O que aconteceu com o petismo no Brasil tem, sim, um pouco a ver com os escândalos de corrupção, mas não é só isso. A vitória do BREXIT no Reino Unido, a vitória de Donald Trump e a clara ascensão de Marine Le Pen, na França, além do rancor crescente contra a imprensa mundial têm ligação direta com tudo isso. O momento atual é de uma evidente revolta contra o fascismo cultural promovido pela extrema-esquerda, e isso inclui todas as pautas dos movimentos LGBT, feminista, racial e pró imigração. A pressão que os SJW fizeram contra o povo foi tão insuportável que as pessoas estão, atualmente, forçando a barra na direção contrária, em um movimento frenético de empurra e puxa.

As eleições americanas são, de longe, o melhor exemplo recente de como o povo tem se sentido. Trump ganhou não por ser "de direita", nem mesmo por causa de seu programa. Isso até pode ter agradado algumas pessoas, mas o fato mesmo é que a maioria o elegeu sem fazer ideia do que ele pretende fazer - o que é comum, aliás, em qualquer eleição. Trump ganhou por seu comportamento, por ser alguém que teve coragem de dizer o que ninguém mais tinha coragem de dizer, até mesmo coisas estúpidas e absurdas em alguns casos. Outra razão para a vitória de Trump foi sua adversária, Hillary Clinton, que tinha uma rejeição gigantesca e que representava, em carne e osso, tudo aquilo de que o povo já estava saturado.

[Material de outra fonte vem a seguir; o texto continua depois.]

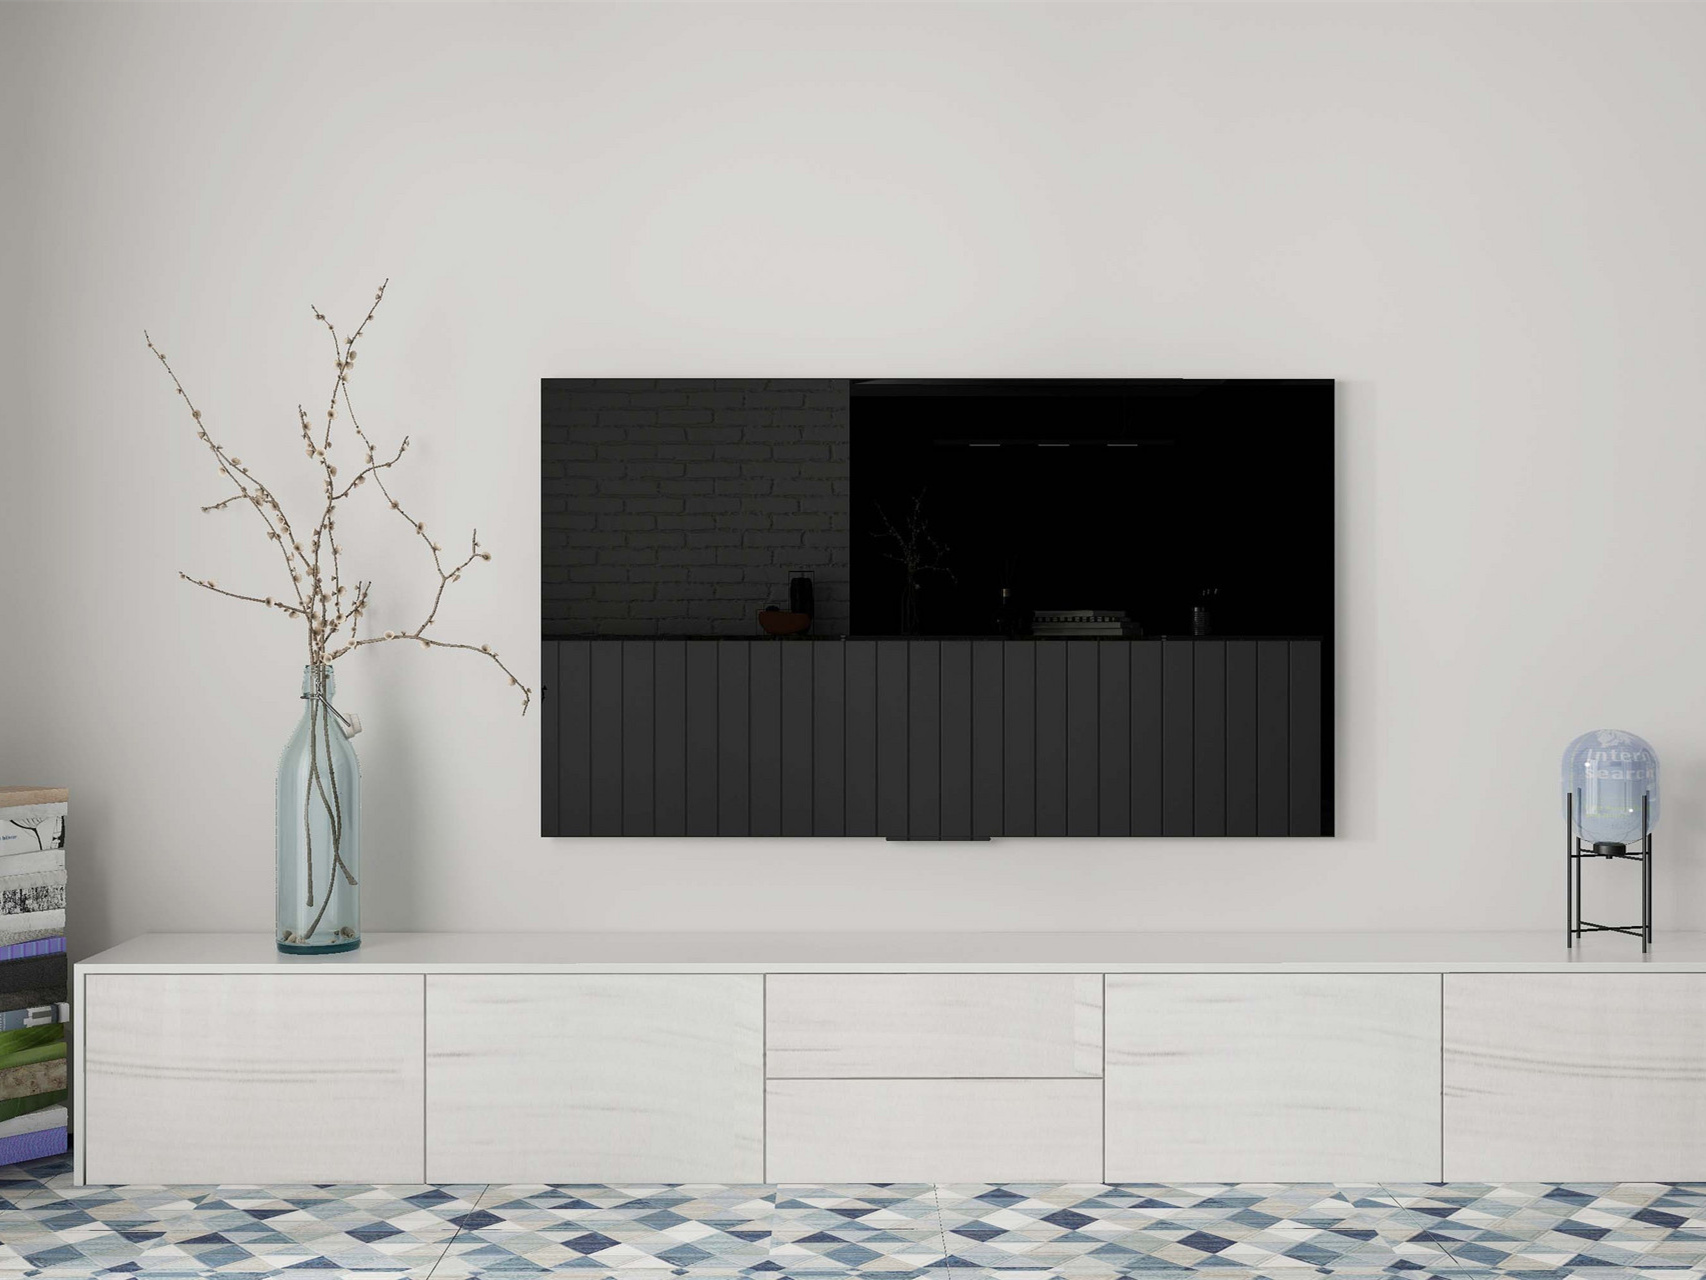 时尚电视背景墙设计需要遵循的4大原则

Votar em Trump foi, para muita gente, um ato de rebeldia contra o fascismo cultural da extrema-esquerda, foi uma forma de mandar para o inferno toda essa cultura doentia de tomar todos os cuidados do mundo para não ofender nenhuma "minoria". Votar em Trump foi, na realidade, um voto contra Hillary, contra a extrema-esquerda universitária, contra as feministas doentes e contra esse apoio absurdo ao islamismo. A situação chegou a um estado tão grave que Trump teria sido eleito de qualquer jeito, com ou sem plataforma, apenas por ter a coragem de não se importar em agradar essa gente canalha.

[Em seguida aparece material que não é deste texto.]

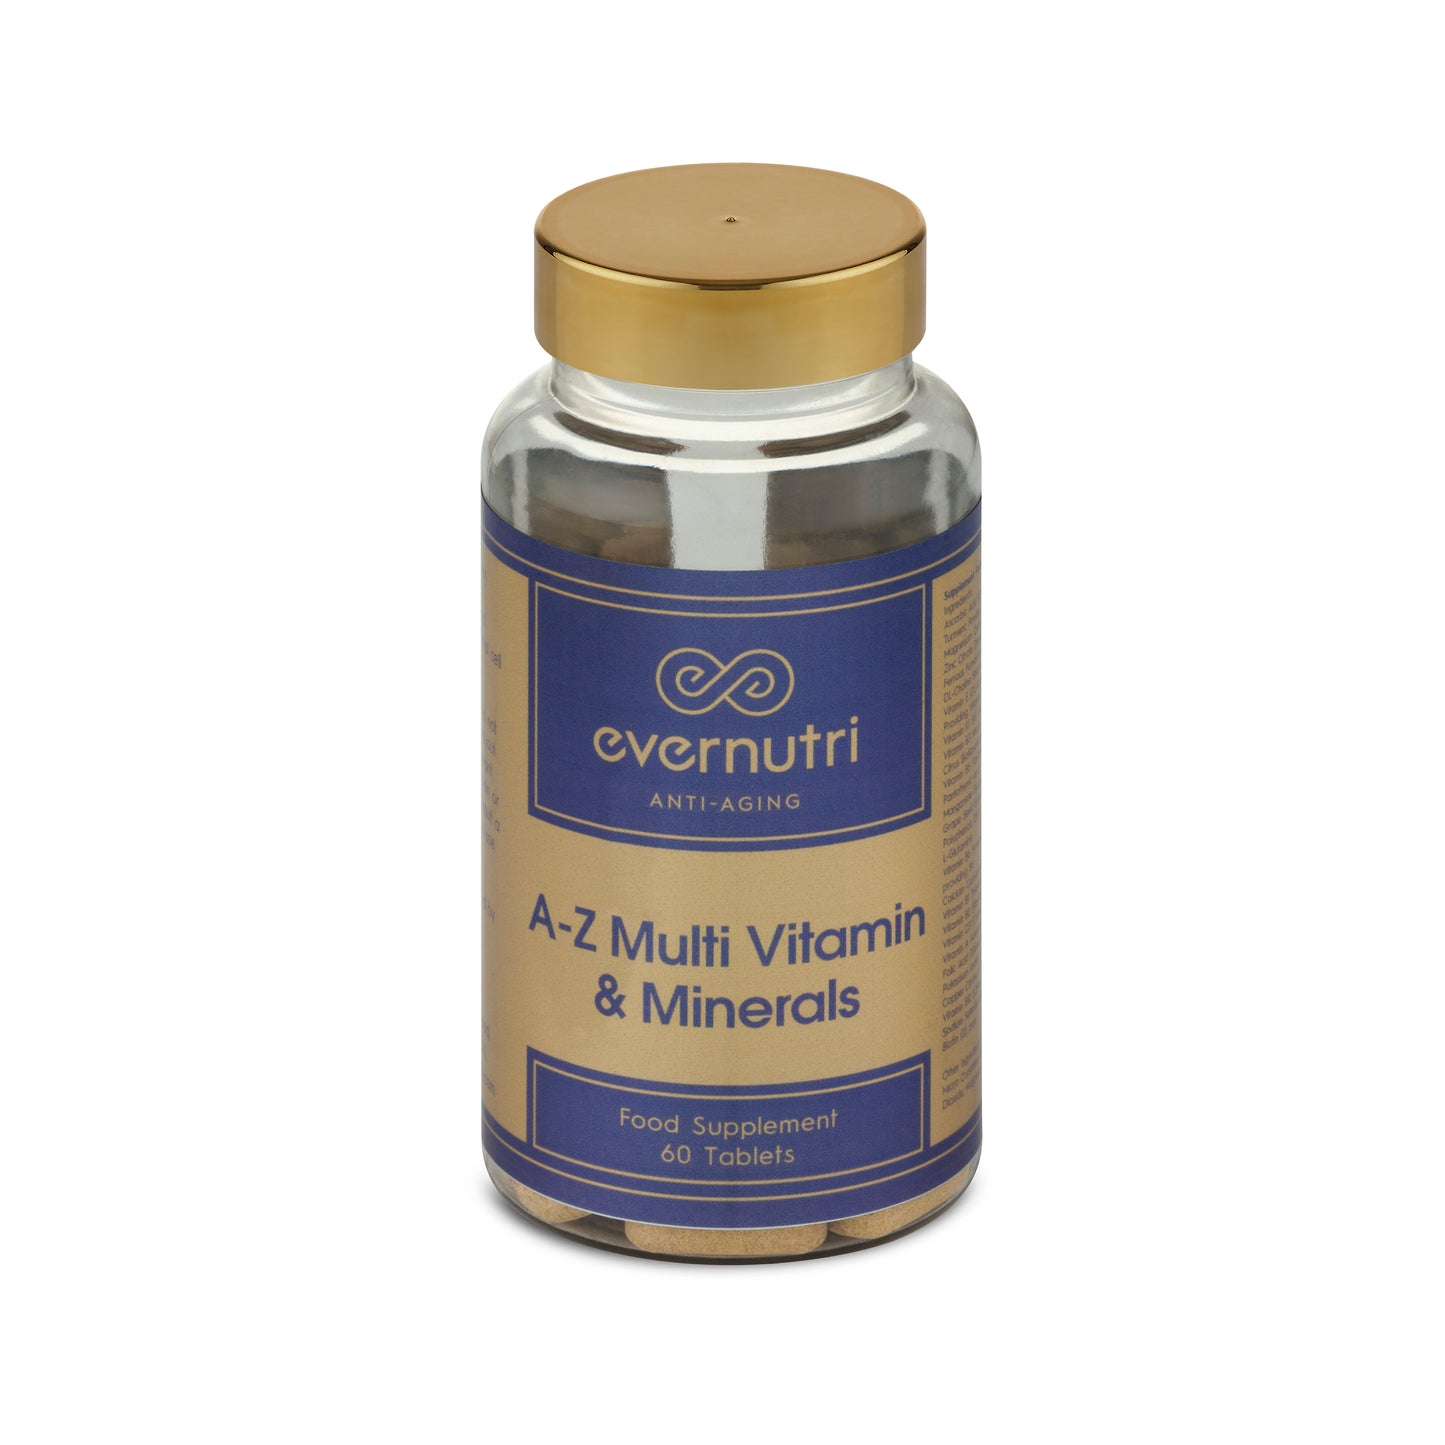 A-Z Multi Vitamin & Minerals

Trump cometeu vários erros, sim, e erros que em eleições passadas teriam lhe custado a amarga derrota. Em 2012 ou em 2008, com o que fez e disse, ele perderia para Barack Obama, e em 2000 jamais teria sido eleito como George W. Bush foi. Em 2016, no entanto, ele alcançou a vitória apenas por ser o homem certo na época certa. Provavelmente não foi por acaso, talvez ele seja até muito mais esperto do que parece.

No Brasil:

Infelizmente, nossa situação ainda é bem desfavorável. Temos aqui no Brasil uma direita estúpida que não entende, até agora, que nosso sistema político é diferente do americano, e que acredita que poderá repetir o feito de Donald Trump, se candidatando sem apoio partidário, contrariando toda a cúpula do Congresso e batendo de frente com tudo e com todos. Bom seria se esse tipo de coisa pudesse acontecer, mas não pode. Cada sociedade tem suas particularidades, e no Brasil não dá para fazer exatamente o que Trump fez, mesmo porque nossas leis não permitem candidaturas independentes, bem como permitem que um partido possa, a seu bel prazer, impedir que alguém seja candidato por ele, bastando apenas que os dirigentes assim decidam.

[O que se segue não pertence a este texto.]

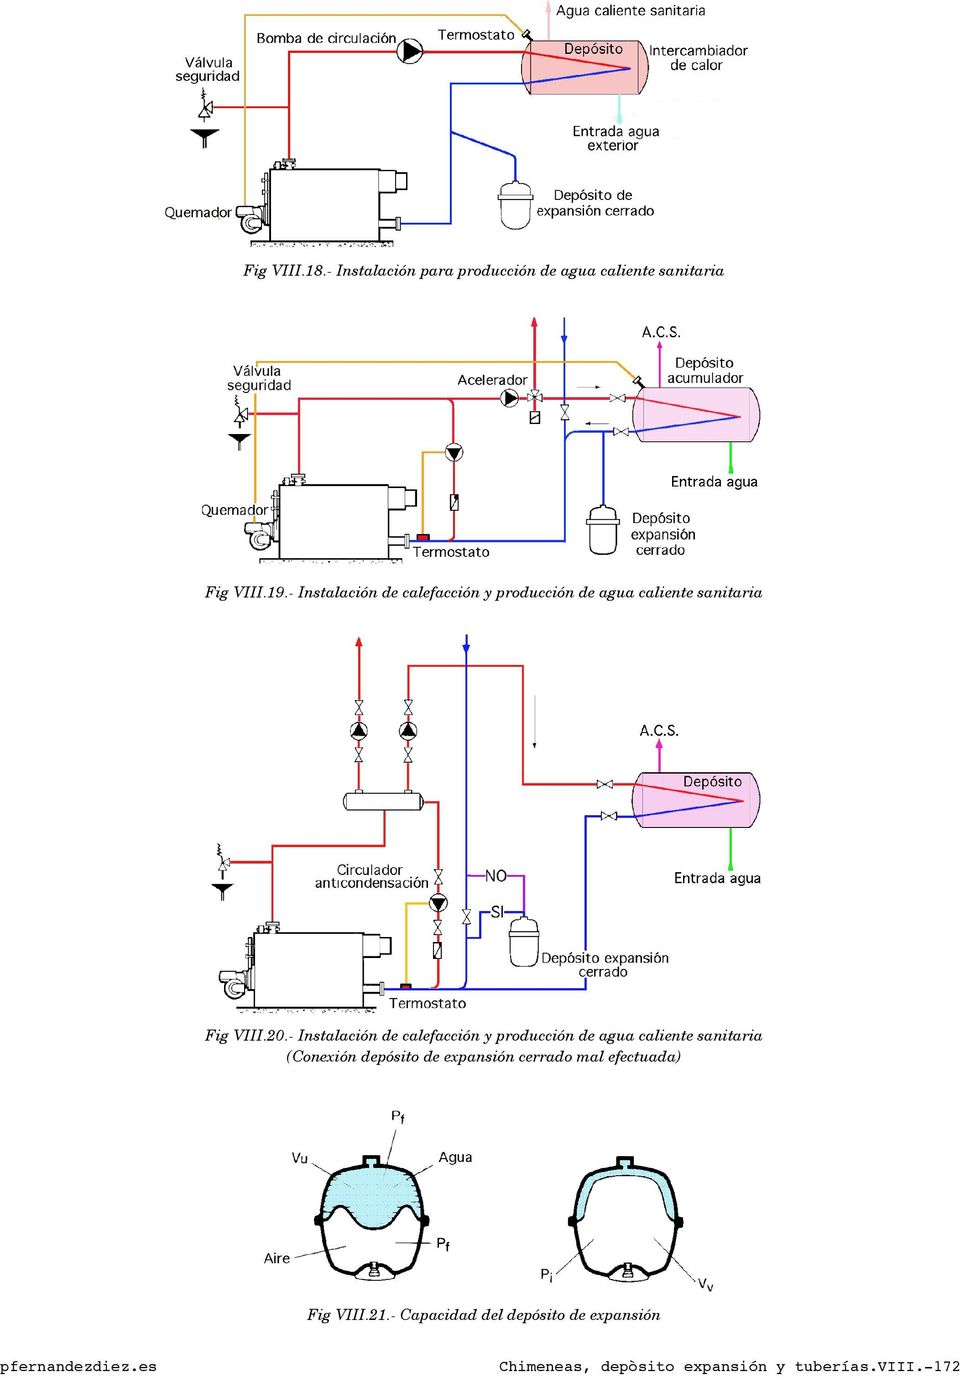 - Instalación de calefacción y producción de agua caliente sanitaria (Conexión depósito de

Nossa direita está acreditando que Bolsonaro é "o homem do momento", mas a julgar pelas suas estratégias, fica nítido que lhe falta entendimento de como isso aqui realmente funciona. Isso, é claro, sem mencionar o fato de que Trump é um bilionário muito poderoso e influente, enquanto o nobre deputado é um sujeito de classe média com a articulação política de um Rui Costa Pimenta. Se as coisas continuarem como estão, 2018 vai chegar e esse tolo sequer poderá se candidatar à presidência; caso ainda assim consiga, e se chegar a vencer - o que em seu caso é improvável, vai governar tanto quanto Dilma Rousseff em seu segundo mandato.

Bolsonaro até poderia ser o "homem certo" para o momento, ele poderia ser o Trump brasileiro. No entanto tem preferido ser uma versão burra do Enéas Carneiro, e como tal dificilmente chegará a vencer.